One of the most frequent questions I get as a palliative doctor is, “How do you do it—day in and day out?” While burn-out certainly isn’t something that’s isolated to my field of practice, I will say that the toll this line of work can take on you both emotionally and physically is extremely high. Anyone who goes into this speciality and thinks they’re going to be immune to burning out probably doesn’t have a realistic understanding of what this line of work entails.

In fact, seeing families going through difficult times does, in many ways, give me an additional insight into what the effect is of this work on my own well-being. People don’t realize that emotions like grief take an incredible toll on your body. And one of the most important things I tell the families and friends of patients is that it’s incredibly important that you take care of yourself. We’re so focused on taking care of our loved one, that we forget that if we neglect ourselves we won’t be any good to anyone.

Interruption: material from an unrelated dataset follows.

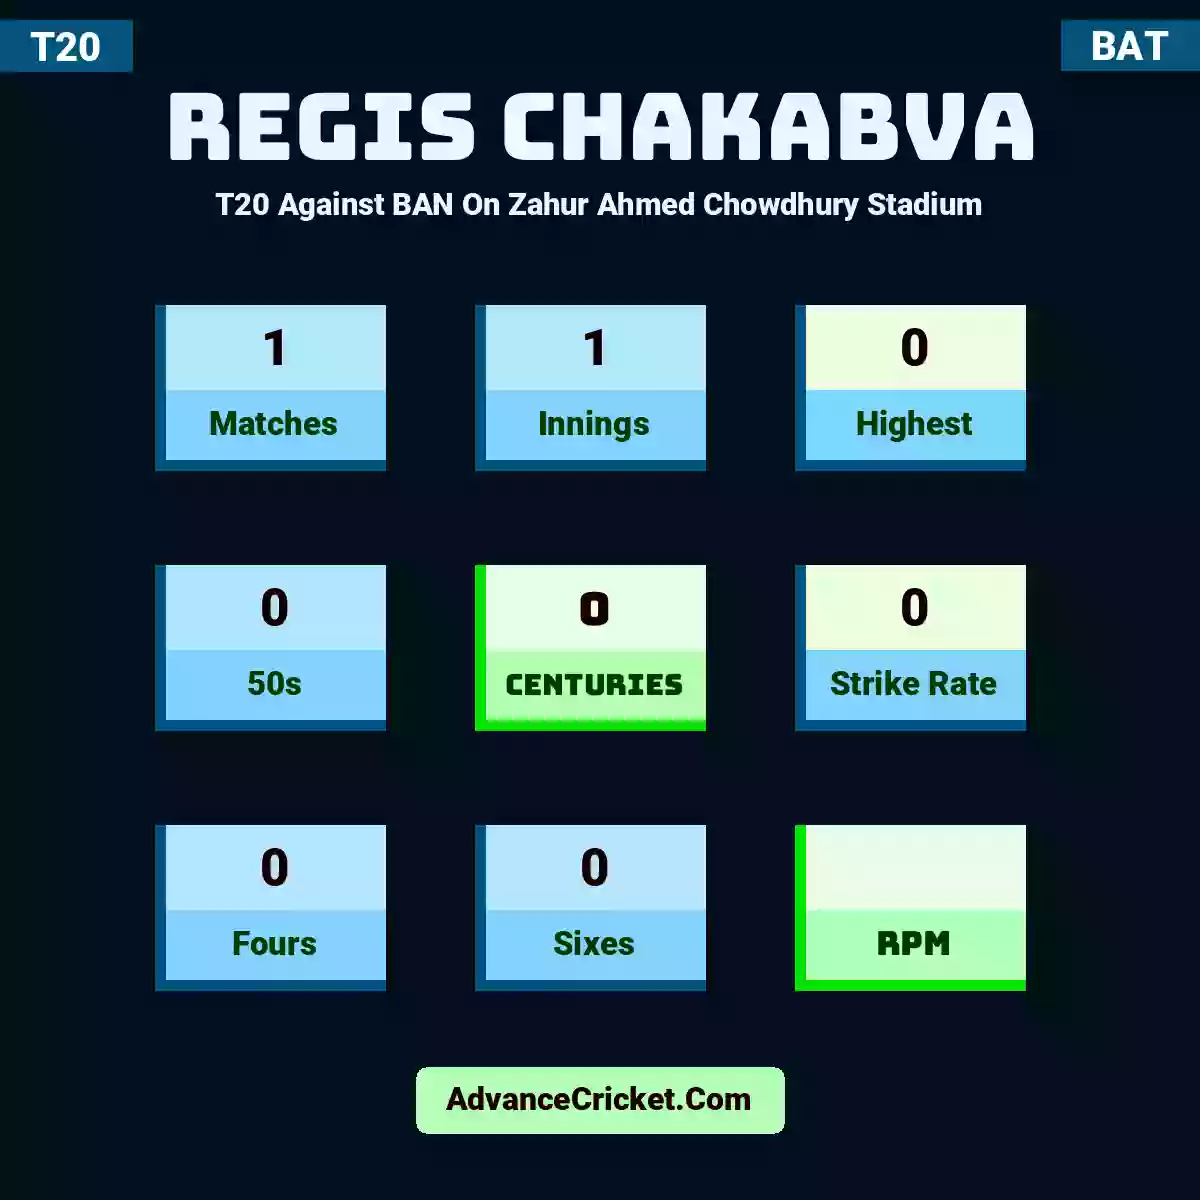 Regis Chakabva T20  Against BAN On Zahur Ahmed Chowdhury Stadium, Regis Chakabva played 1 matches, scored 0 runs as highest, 0 half-centuries, and 0 centuries, with a strike rate of 0. R.Chakabva hit 0 fours and 0 sixes.

Obviously the best tact is to choose something that works for your personality and interests. The most important thing is that you aware that burn-out happens to everyone, and that you need to take steps to avoid it.

Coping mechanisms can include a huge wide variety of things: hobbies or crafts, reading, counselling, or just talking about your emotions, sports, movies, writing, cooking, listening to music.

It’s obviously a very individual thing, but the bottom line is that you make the effort to recognize that exhaustion and burn-out are normal, and that you should never ignore it. But you can do a great deal to help prevent it.

So what do I do? I’ve found that the most important things for me to do are to make sure that I eat well and get a full 8 hours of rest every day (this doesn’t necessarily mean sleep). It’s important that you have decompression time where you can not only unwind, but process everything that’s gone on during the day in a positive way. Then I make sure to get some physical activity during the day. For me, the best way to do this is to take my dog Chase out for walks. Not only do I get the exercise and fresh air that helps physically, but I also get the emotional benefit of a little ‘pet therapy’ from Chase (it’s no myth that people with tend to have lower blood pressure and cholesterol!).

And remember, never be afraid to ask for help. Palliative practioners and caregivers take a lot on their shoulders each day, it’s important to take some of that weight off whenever you can.